Fixing an overloaded web server

This was a work-in-progress circa 1997. I was just learning how to tune web servers.

For a smattering of more up to date stuff about web performance, see my pages at www.kegel.com.

Links

The problem

My company has deployed several small web server machines- Pentium 200's with 64MB of RAM, each serviced by a 10Mbps Internet link, running Red Hat Linux 4.2 and its Apache. The web servers have severe performance problems for the first week or so after we post a new set of files for our users to download. I suspect we have something like 500 people trying to download 80 megabytes worth of files all at the same time. My boss wanted to replace the Linux system with a Solaris box in hopes the problem would just go away- and I knew that installing more RAM would probably help, but I didn't know how much RAM I'd need, and I wanted to understand the problem better.

Looking at the web benchmarks at www.spec.org, I noticed that all the highest scores were posted by machines running the Zeus web server software. Zeus is rumored to get part of its performance by careful program design, including using a single process to serve many clients. (The main design trick that enables this is to multiplex many clients onto a single thread.) It's not free, though.

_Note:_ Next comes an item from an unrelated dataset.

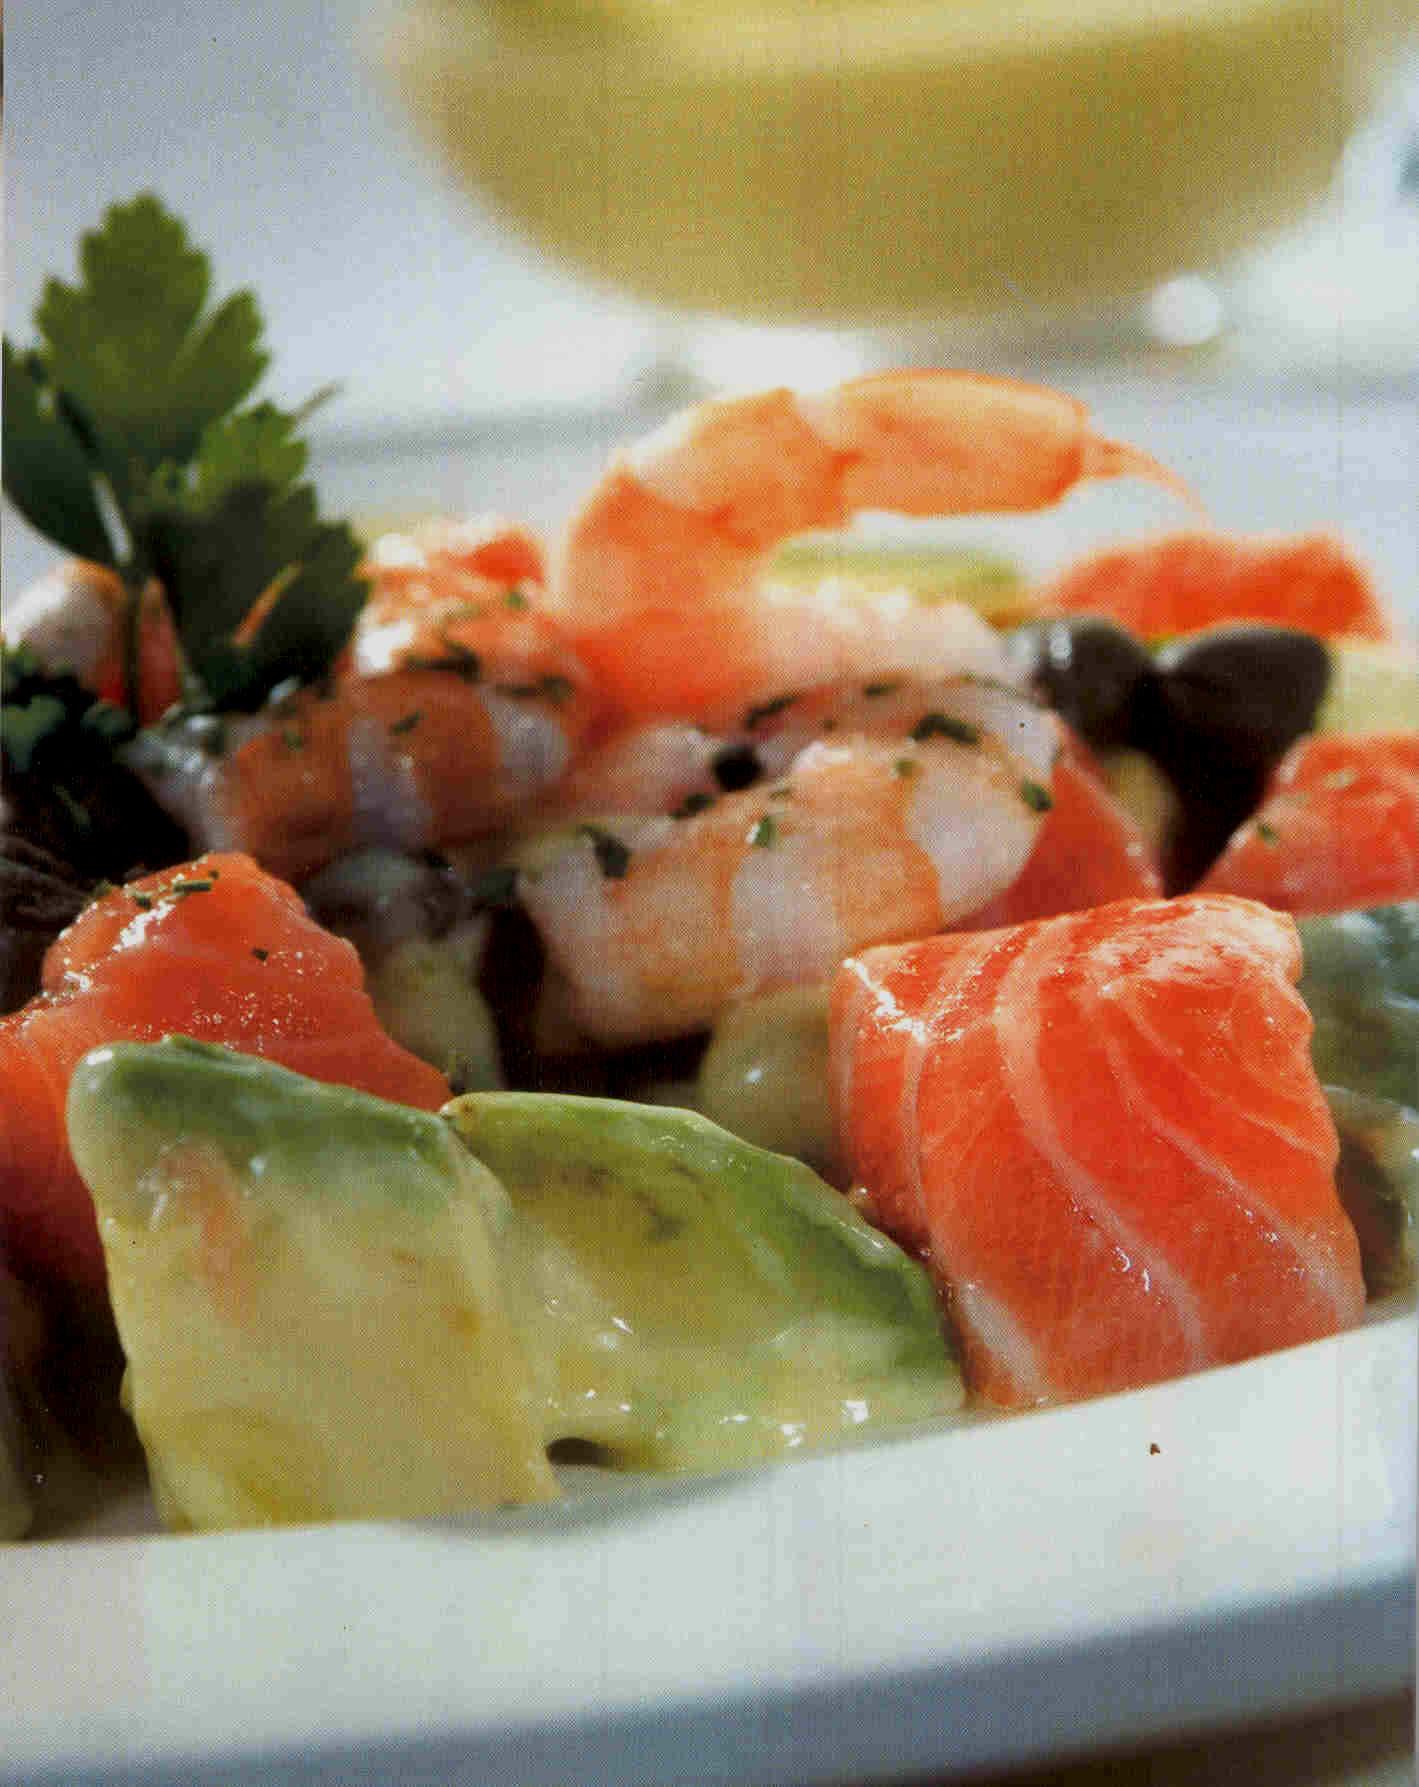 El blog de comida y postres junio 2011 - Ensalada con salmon y aguacate ...

A similar but free and much simpler package is thttpd from Acme Software. I decided to see first if thttpd was better than Apache under heavy overload conditions, and second how much RAM was needed to make Apache happy.

Experiment design

To build a test lab in my office to simulate the situtation, I upgraded three old P90's to generic Pentium 200 MMX's with a 6GB IDE disk, and installed stock Red Hat Linux 5.0. Total cost to upgrade each system: $450 for motherboard, CPU, and disk. Connected them all with a 10baseT hub.

Chose one machine as the server. Configured it with 32MB RAM, and installed both Apache (the one that came with Red Hat 5) and thttpd on it.

The remaining two machines were used as clients. One was equipped with 32 MB RAM, the other with 64MB. Webstone 2.0.1 was installed, and configured to simulate 242 simultaneous users pounding on the server constantly.

Our servers actually serve a mix of 10KB, 1MB, 10MB, and 60MB files; most of the load is probably from the larger files. Rather than using a realistic filesize mix, I used a set of 500 kilobyte files, and varied the number of files to approximate the desired total fileset size.

Observations

thttpd logs requests via syslog, but to get the messages to show up properly in /var/log/messages under Red Hat Linux 5.0, I had to edit /etc/rc.d/init.d/syslog and add the -r parameter to the 'daemon syslog' line.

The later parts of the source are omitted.